Reproduce the listing word for word, leaving every picture behind.

◆ SUPPLIED MATERIAL:

━━━

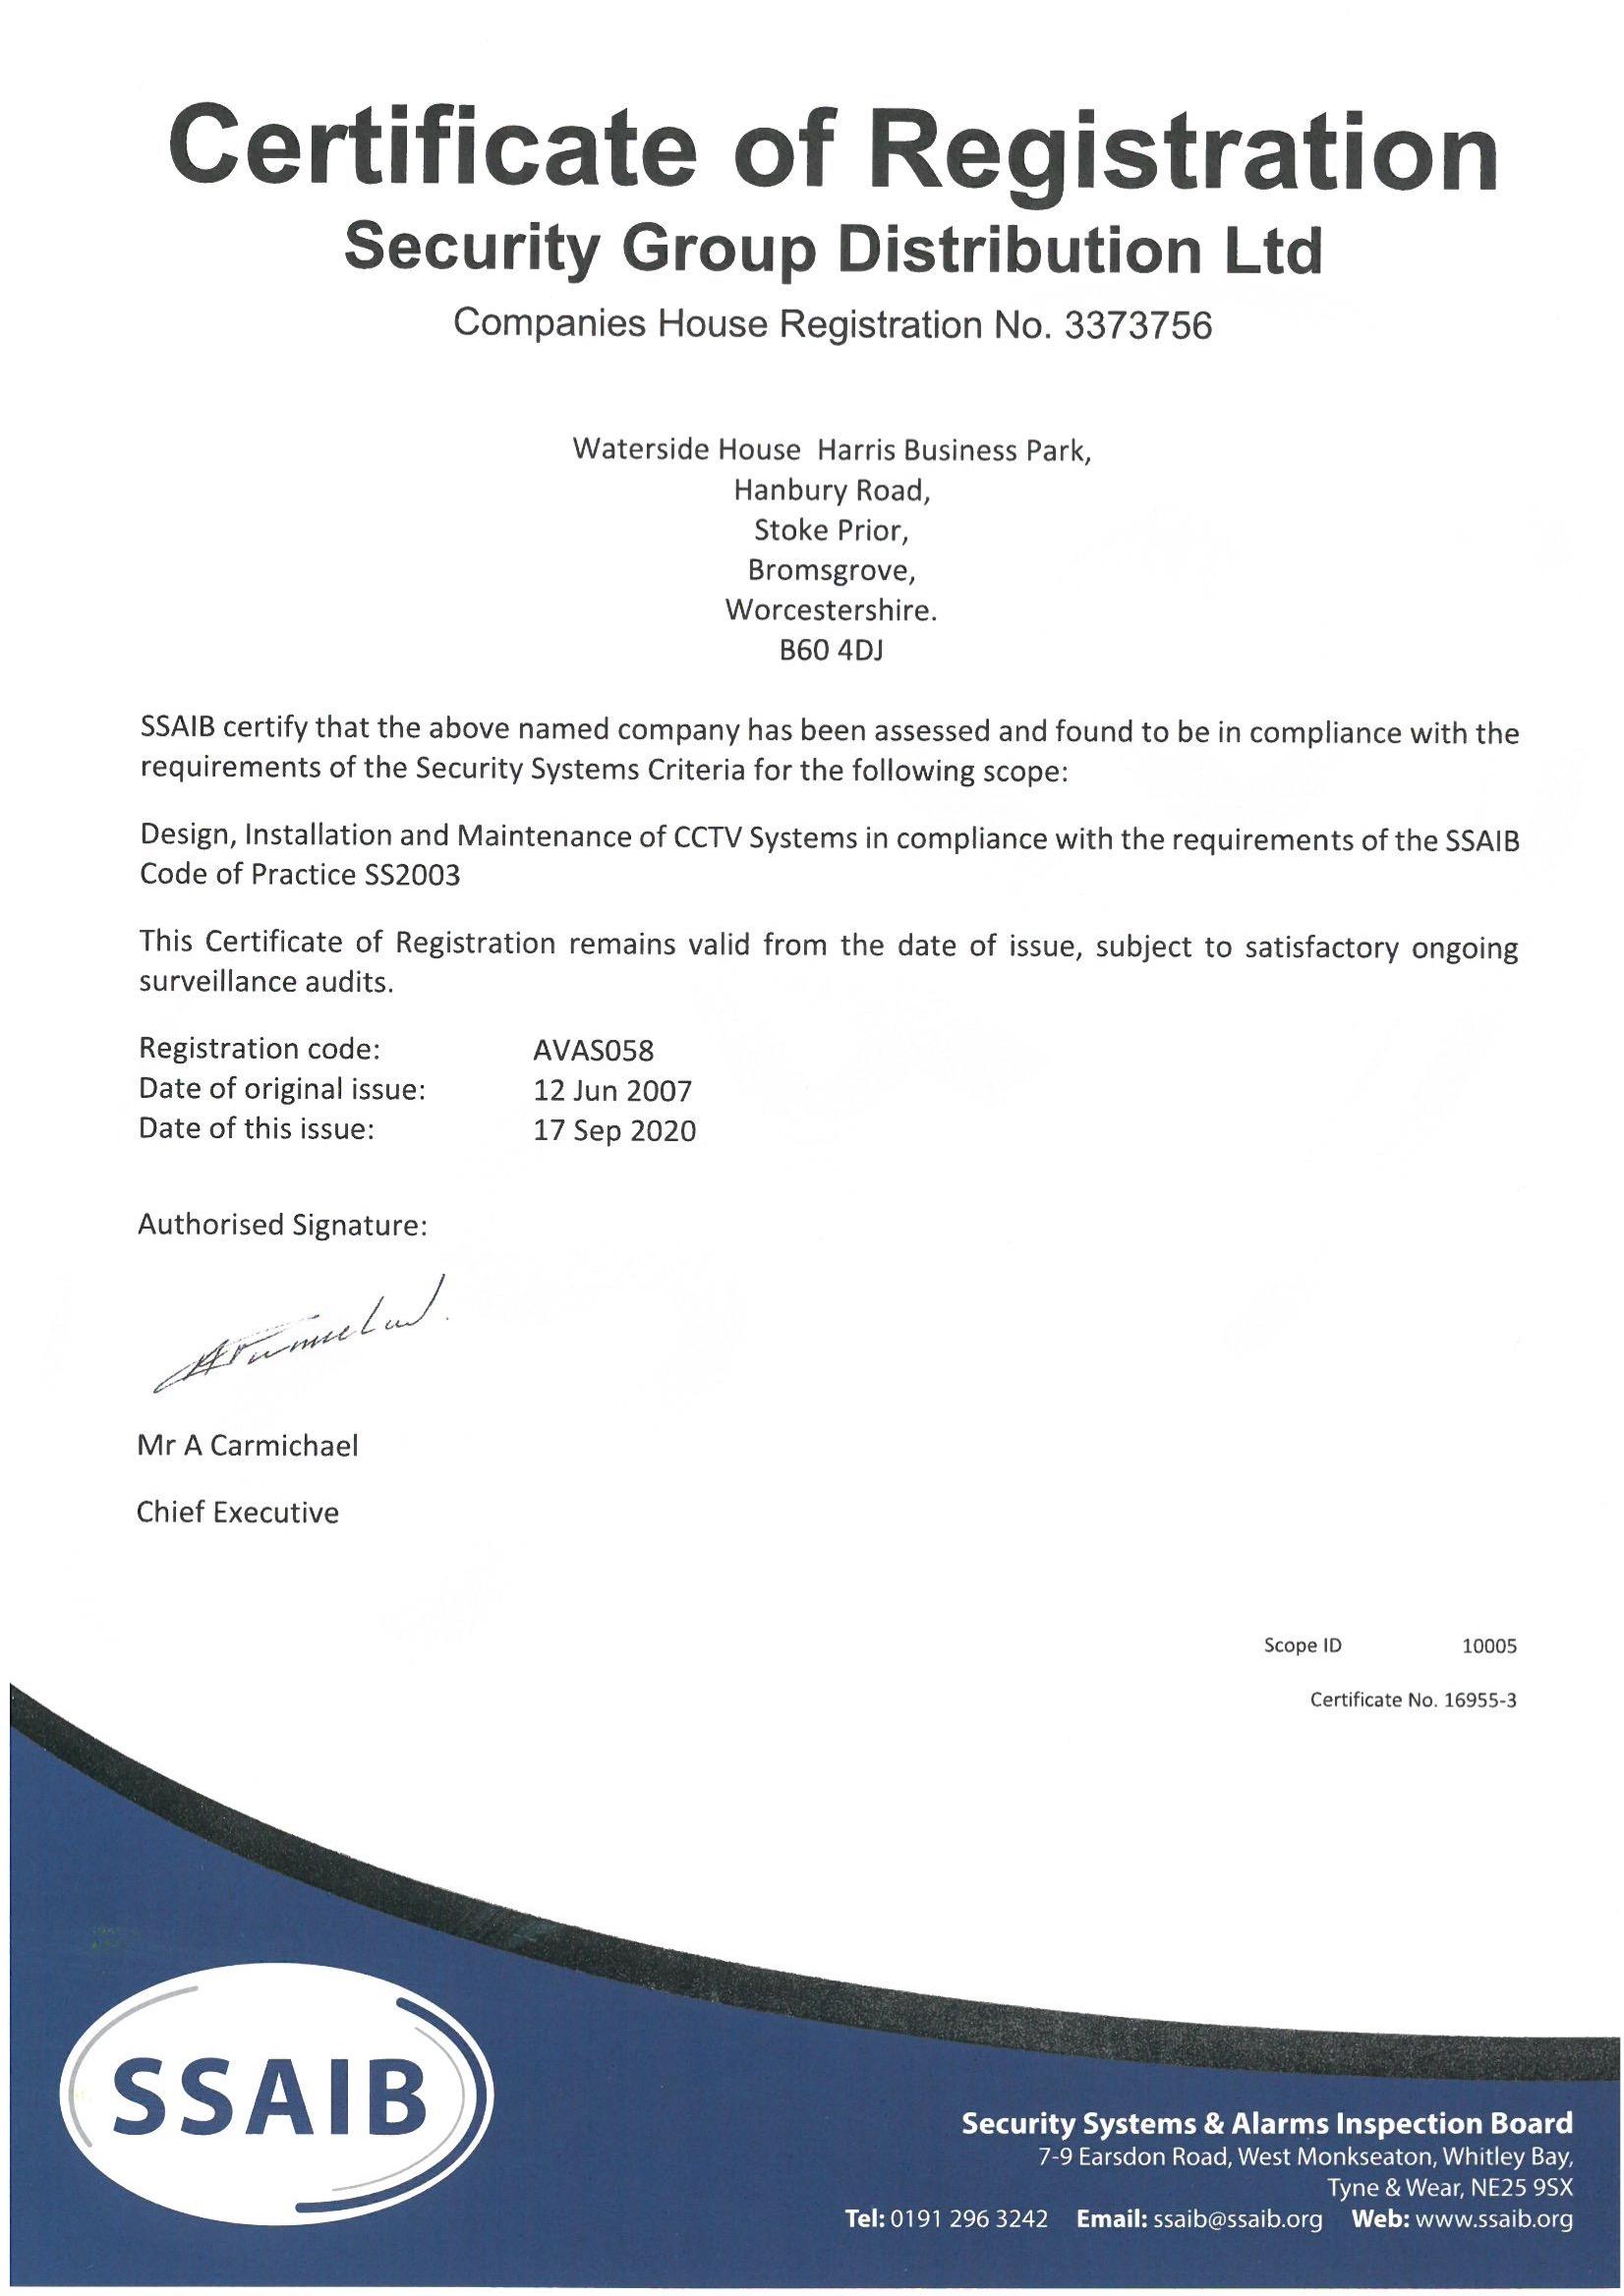 SSAIB Code of Practice SS2003 Certificate No. 16955
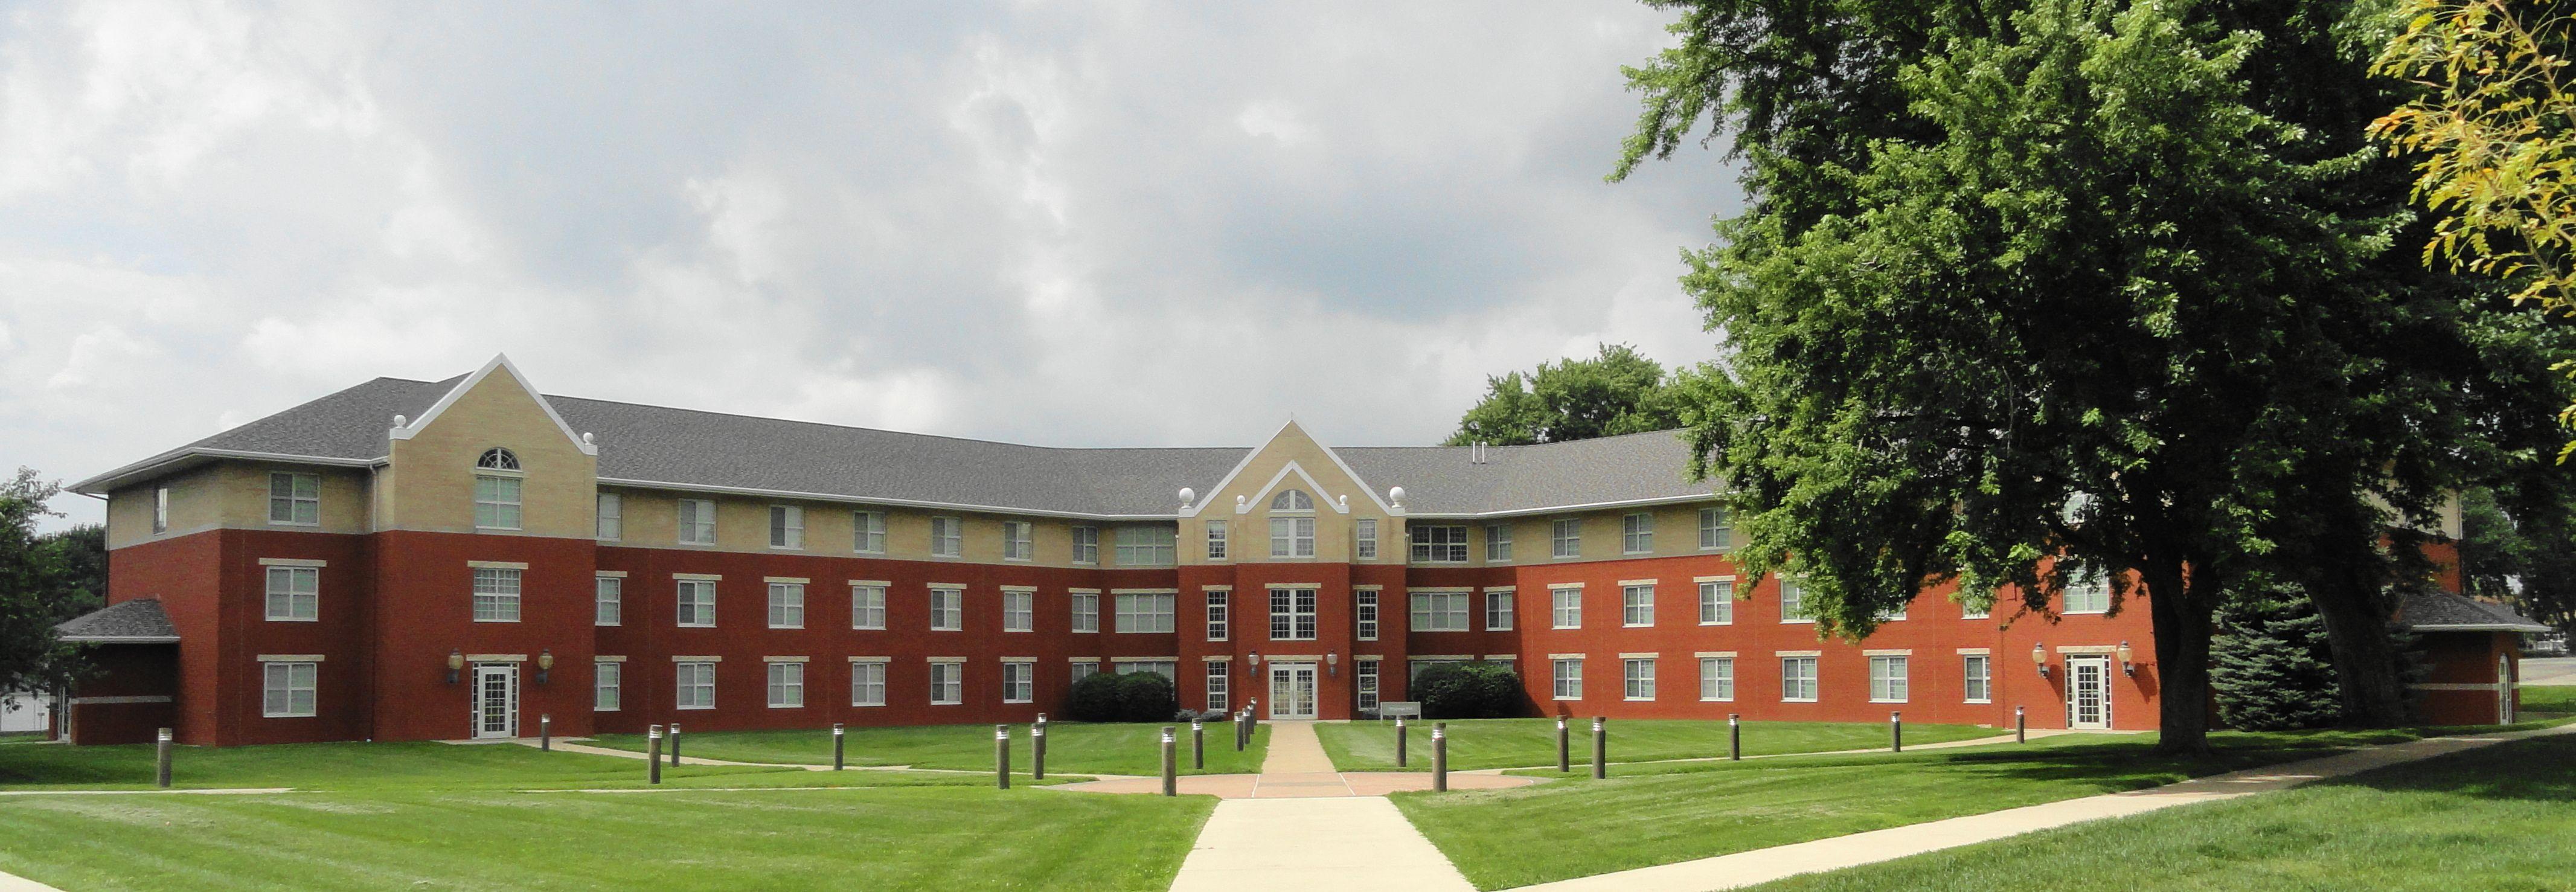 Prairie state college
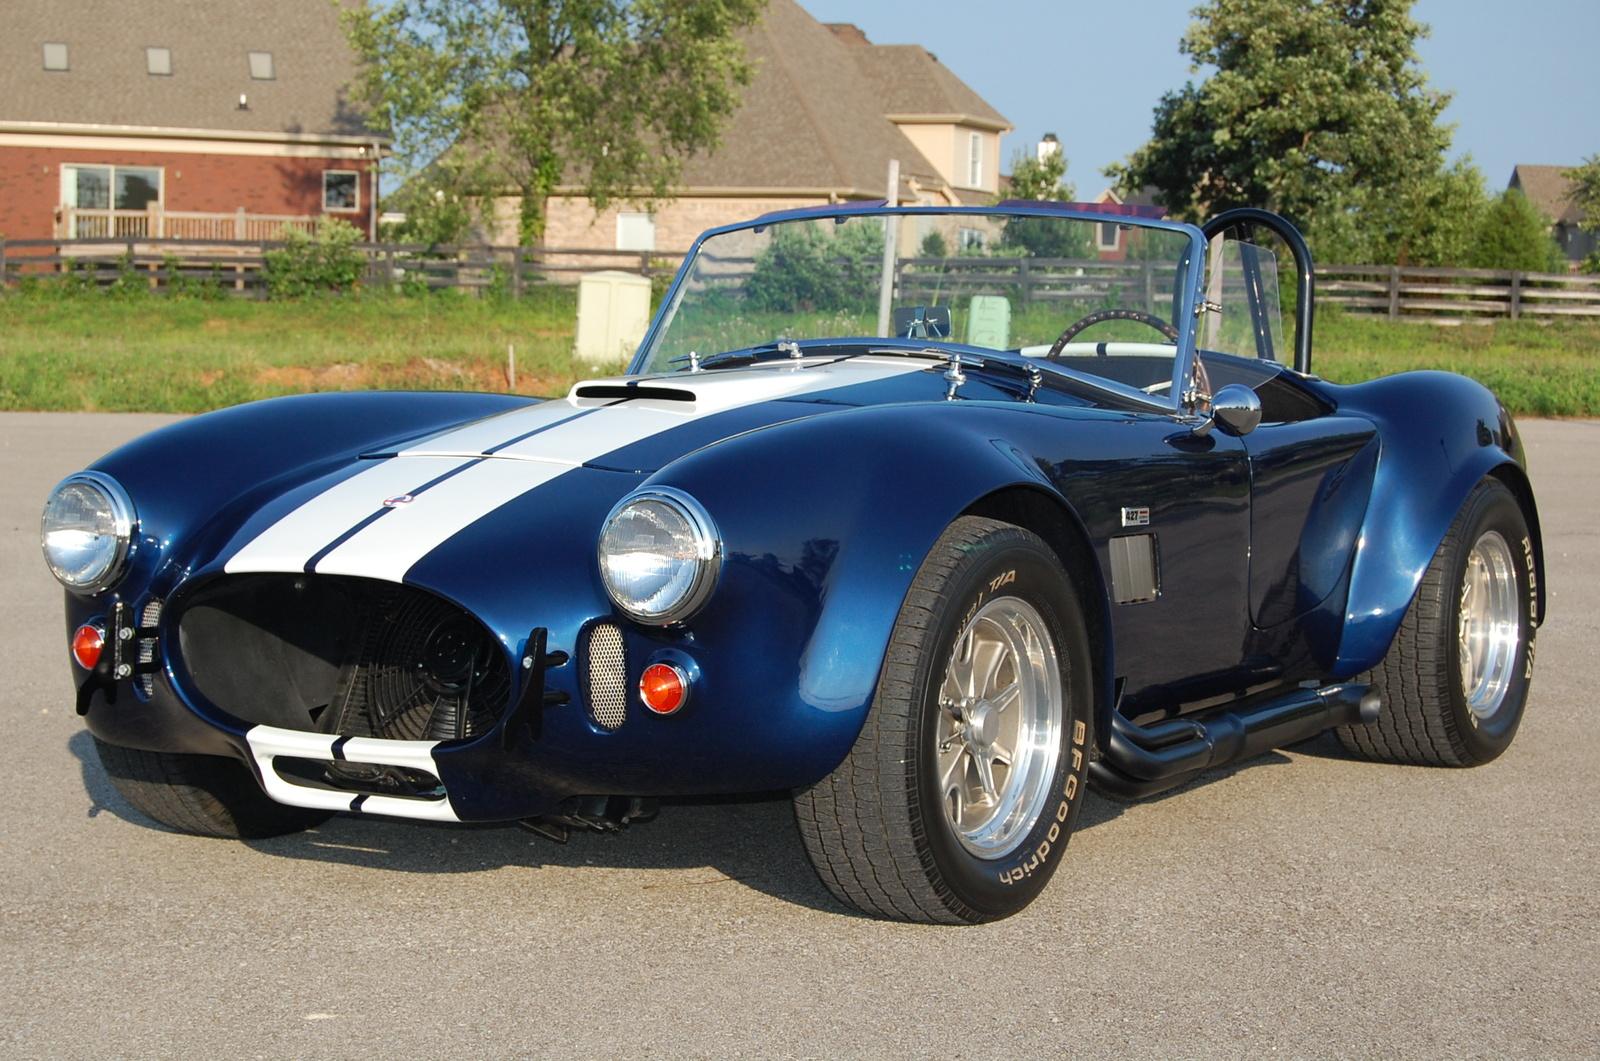 Image result for 1967 Shelby Cobra

━━━

◆ YOUR RESPONSE:
 SSAIB Code of Practice SS2003 Certificate No. 16955
 Prairie state college
 Image result for 1967 Shelby Cobra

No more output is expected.